Supplied material section start

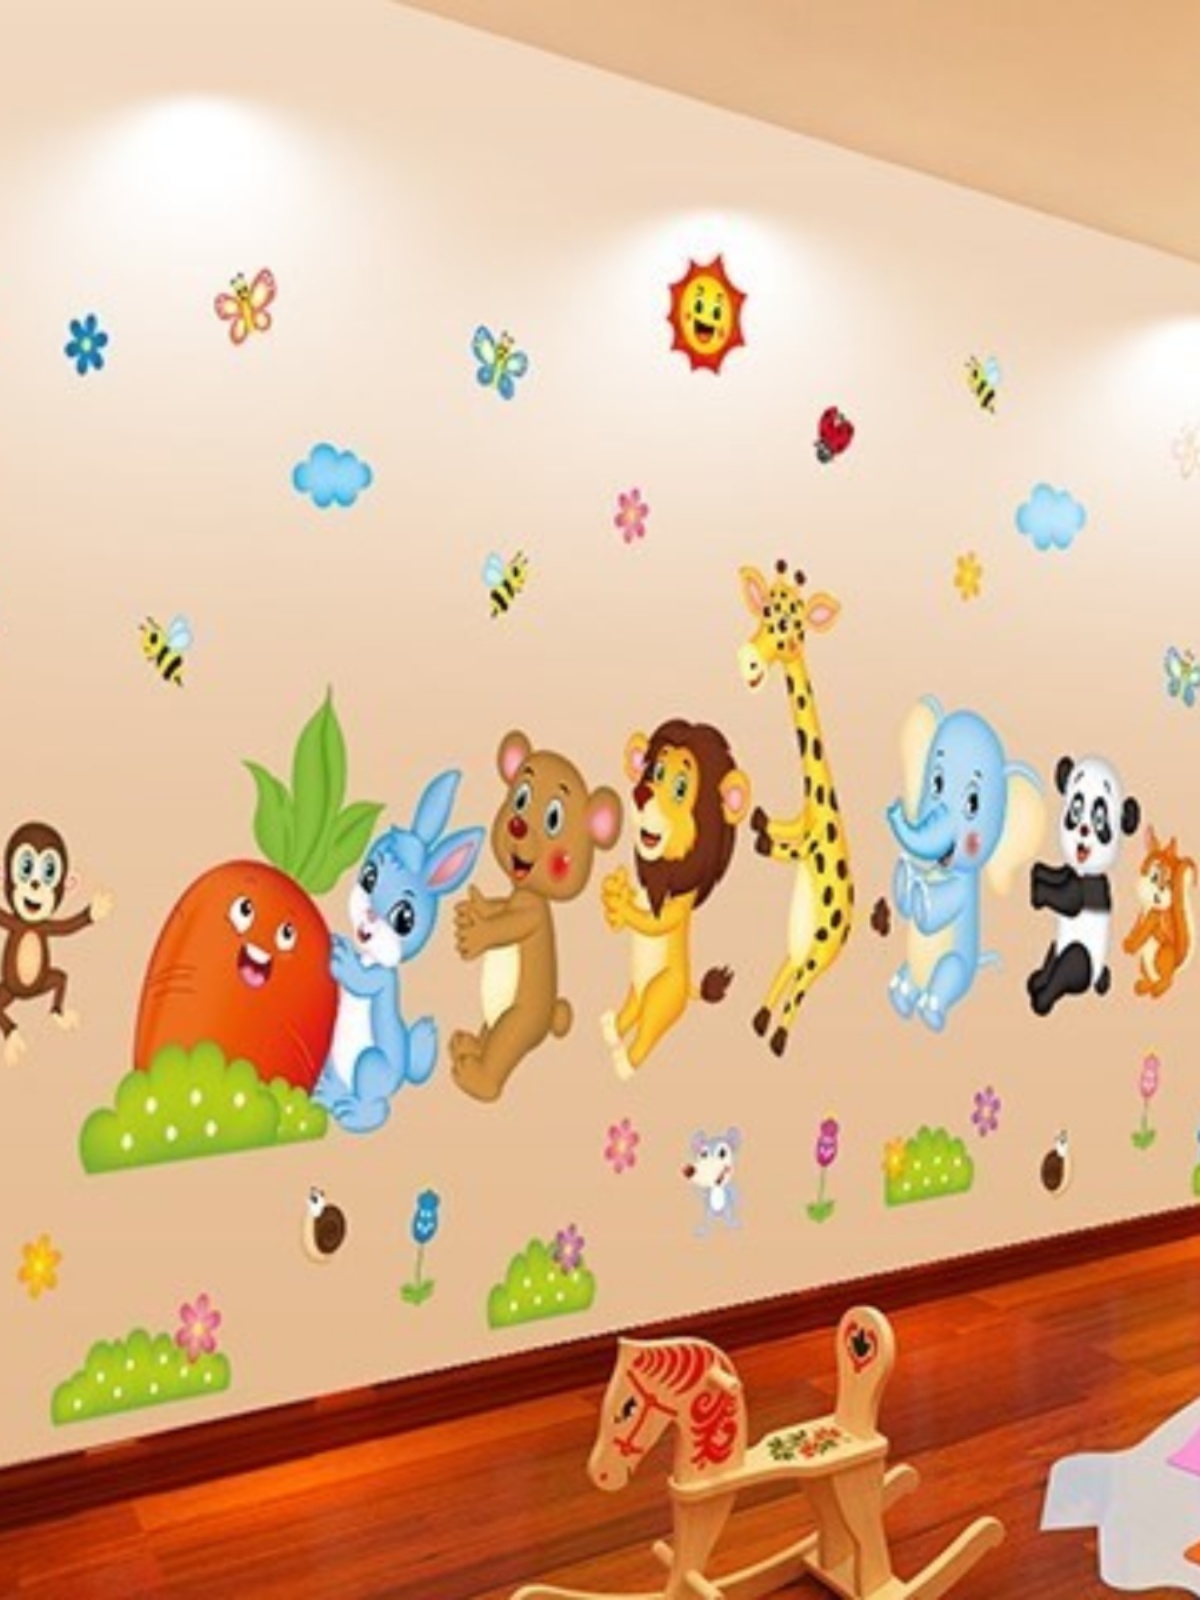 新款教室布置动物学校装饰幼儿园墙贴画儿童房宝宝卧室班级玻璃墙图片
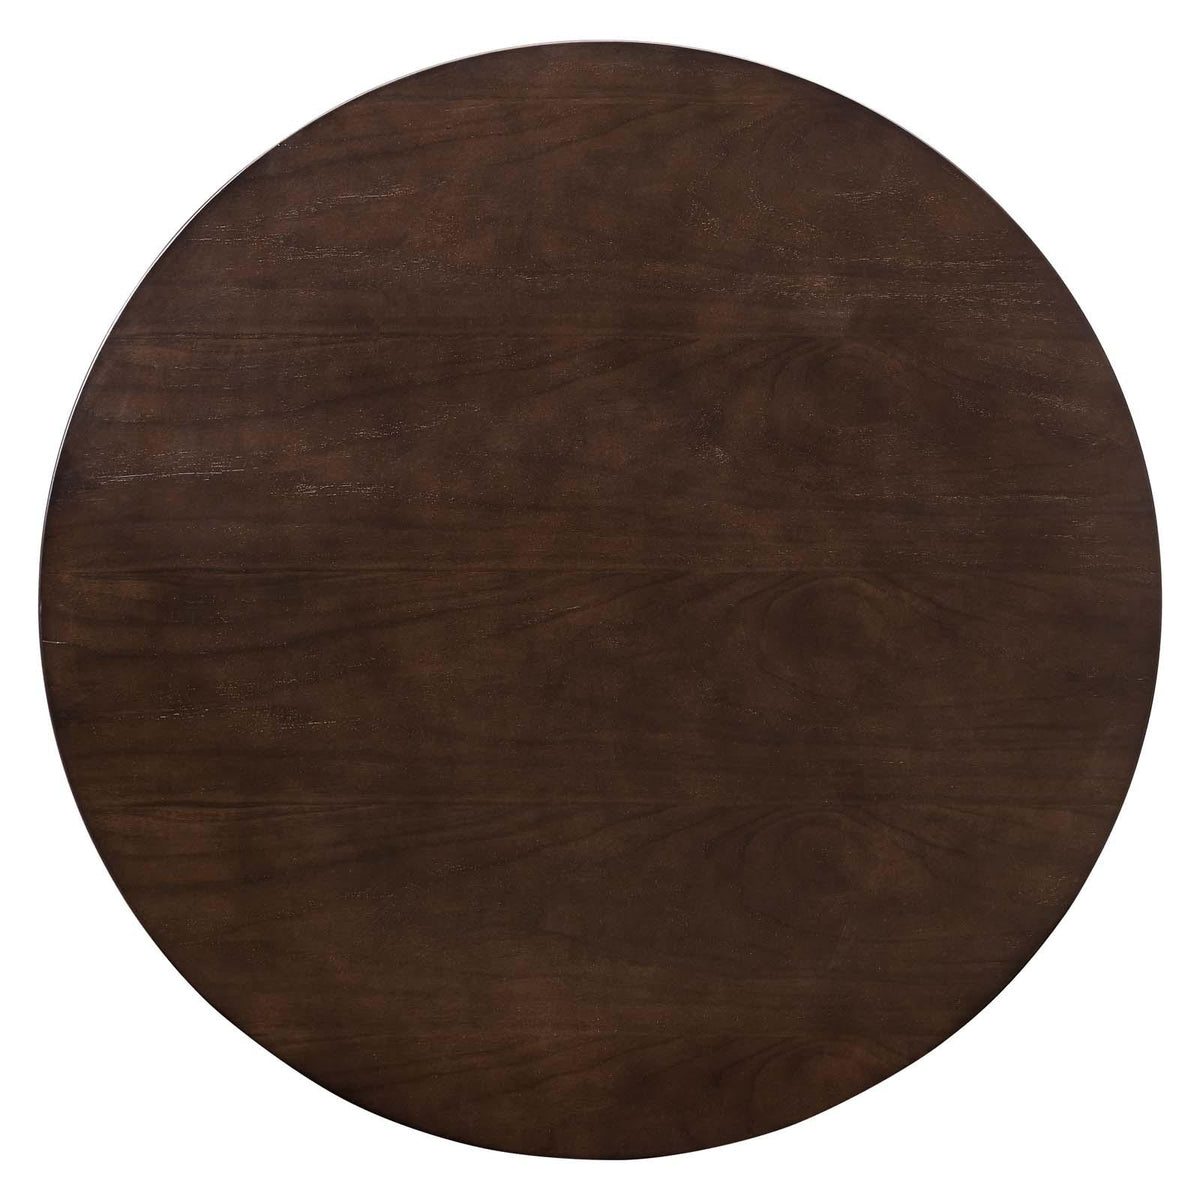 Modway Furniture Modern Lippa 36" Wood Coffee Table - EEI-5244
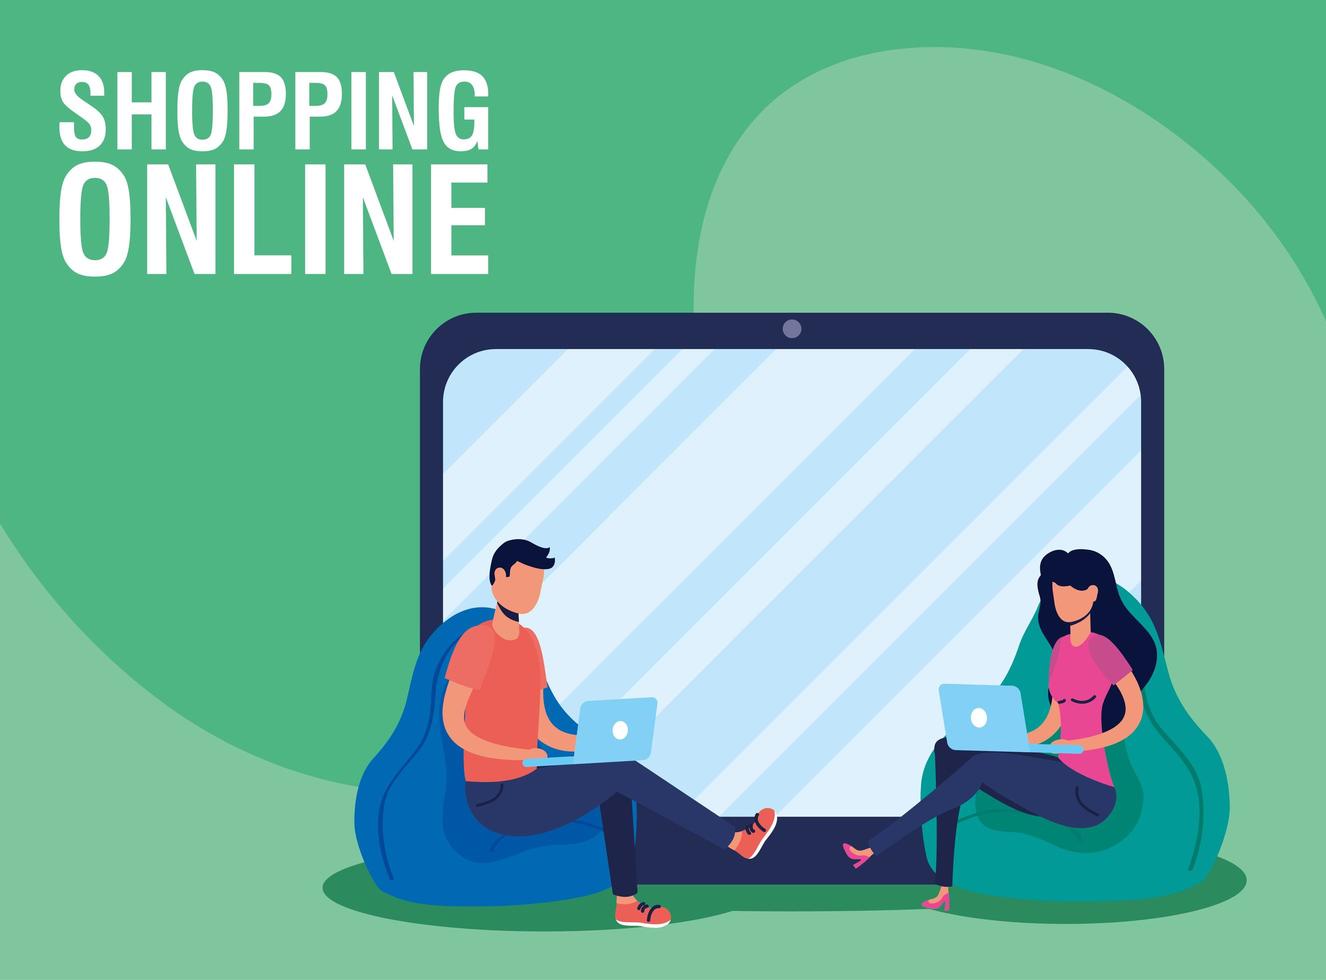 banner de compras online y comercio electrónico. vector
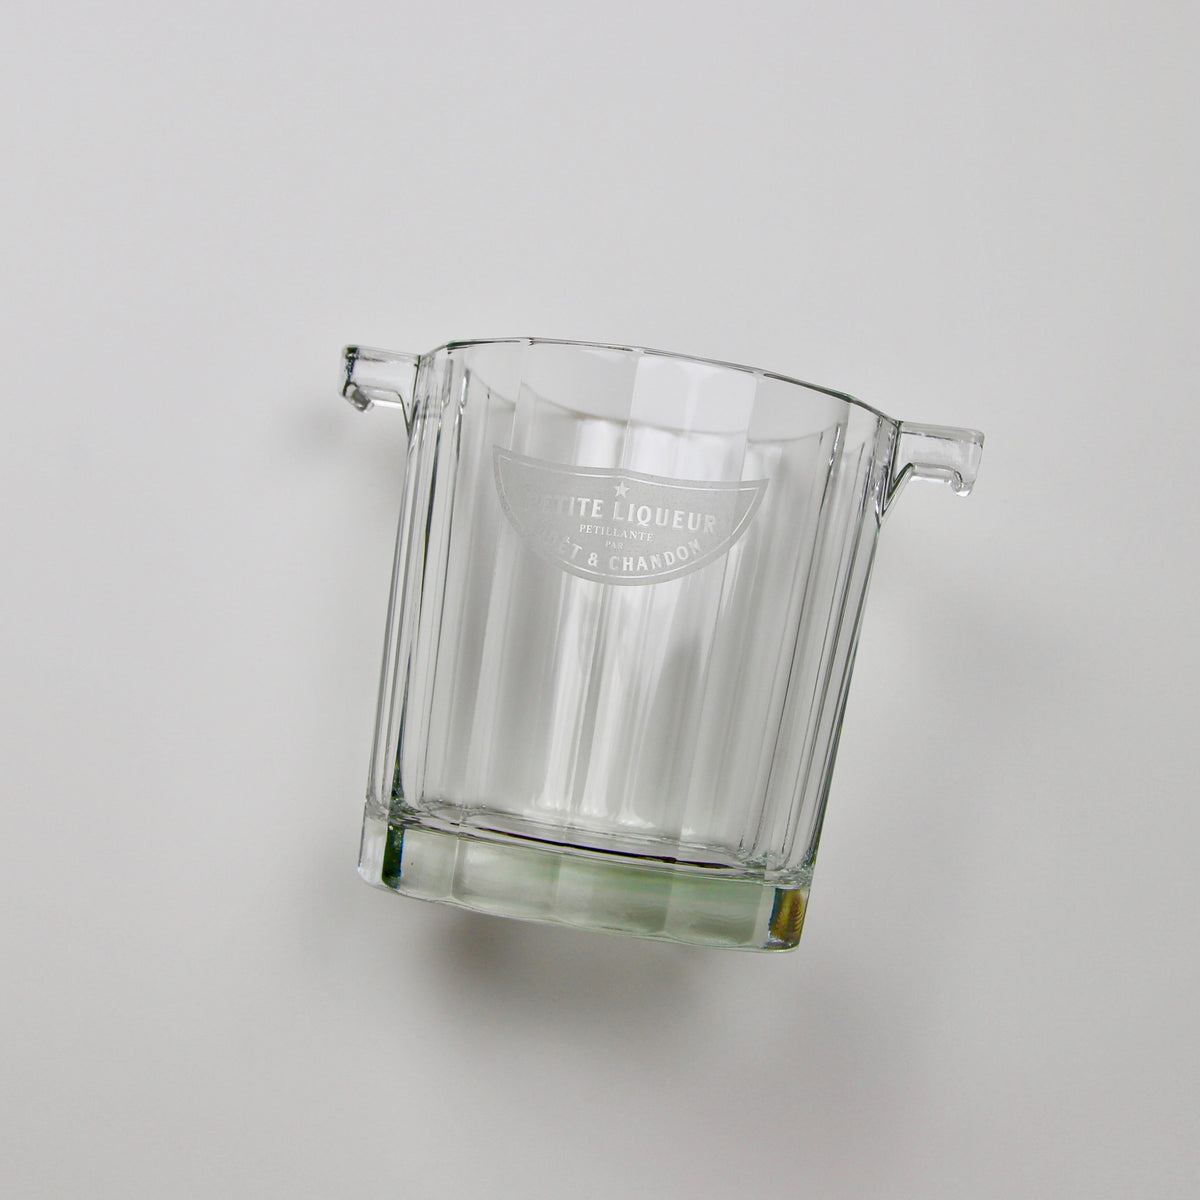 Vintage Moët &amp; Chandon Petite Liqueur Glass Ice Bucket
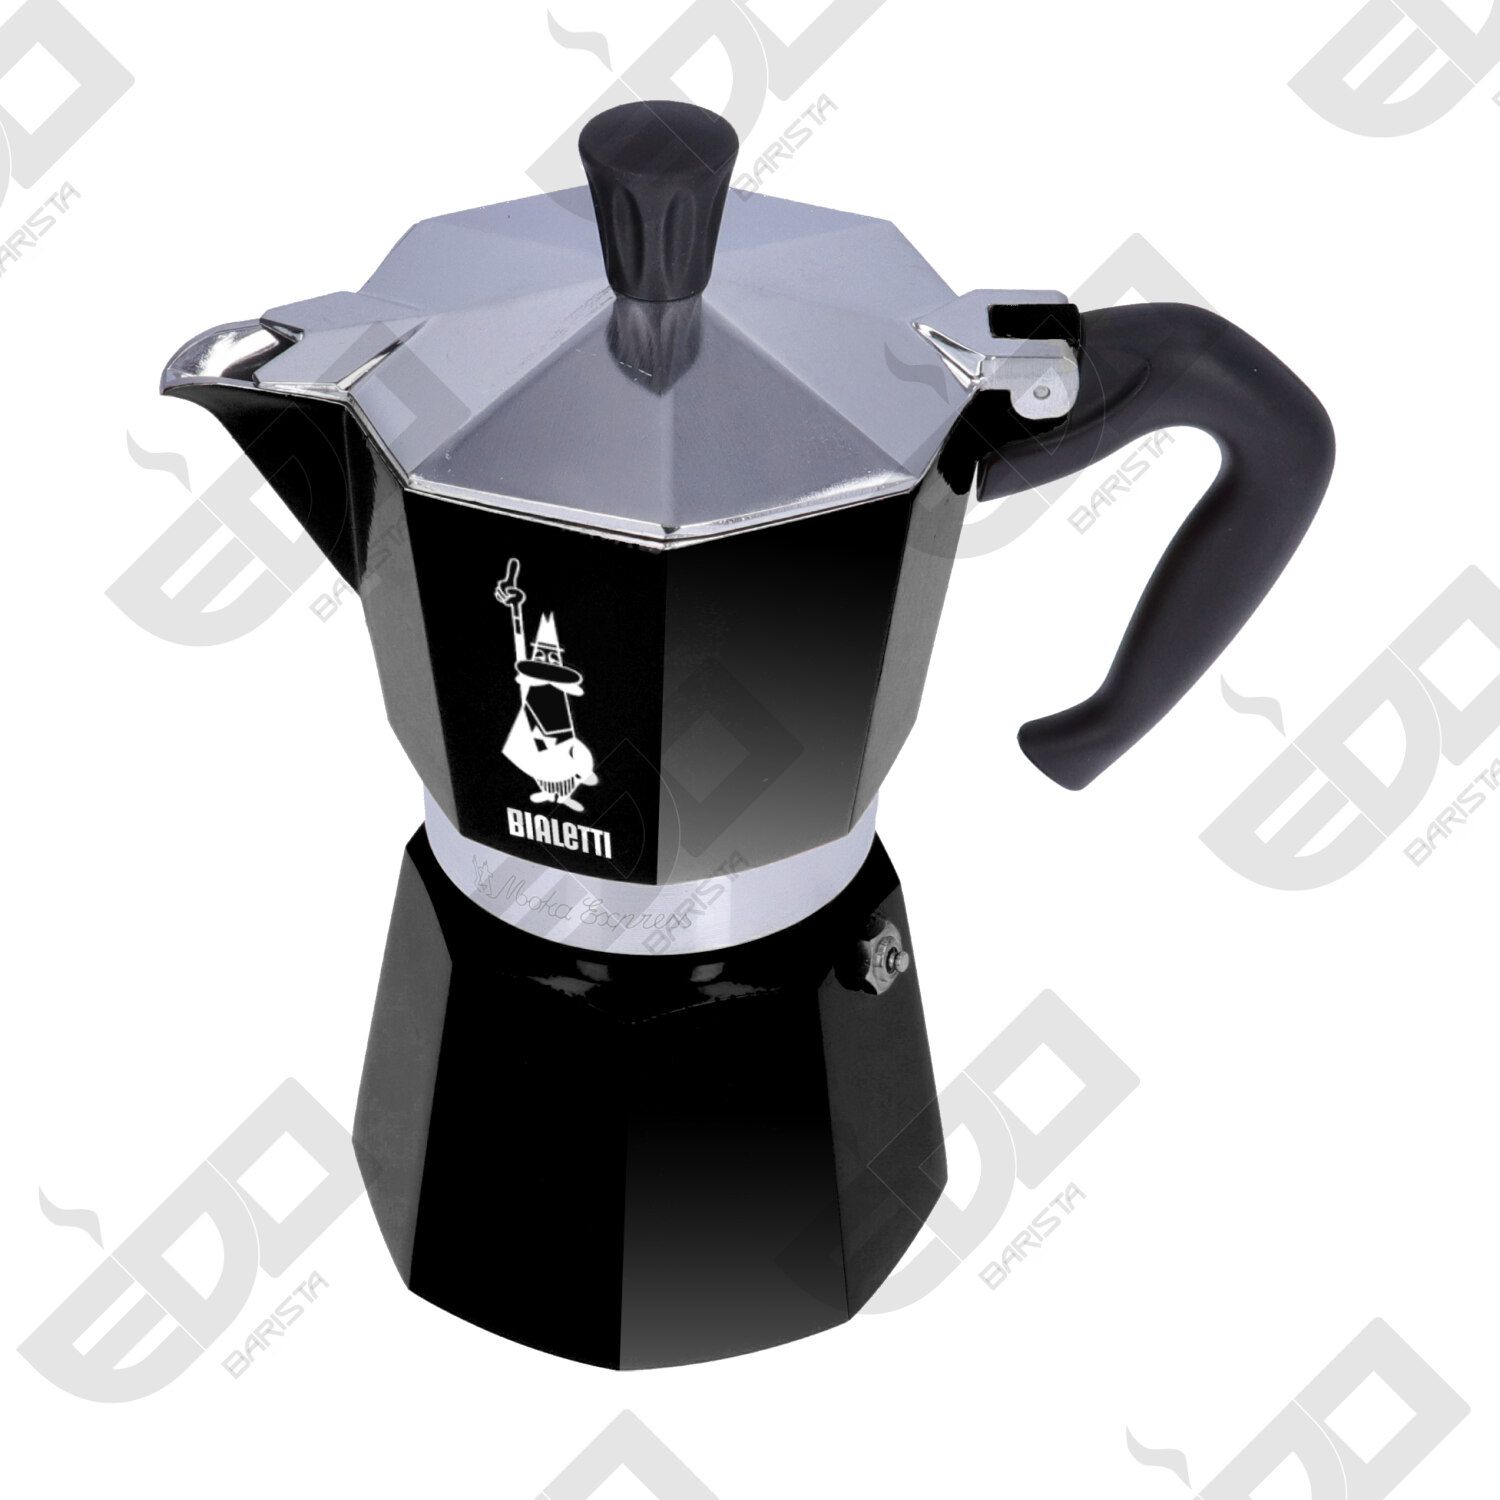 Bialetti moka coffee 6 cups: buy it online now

Supplied material section end

Return every record exactly. Pictures stay out.

### [Solved exercise]
 新款教室布置动物学校装饰幼儿园墙贴画儿童房宝宝卧室班级玻璃墙图片
 Modway Furniture Modern Lippa 36" Wood Coffee Table - EEI-5244
 banner de compras online y comercio electrónico. vector
 Vintage Moët &amp; Chandon Petite Liqueur Glass Ice Bucket
 Bialetti moka coffee 6 cups: buy it online now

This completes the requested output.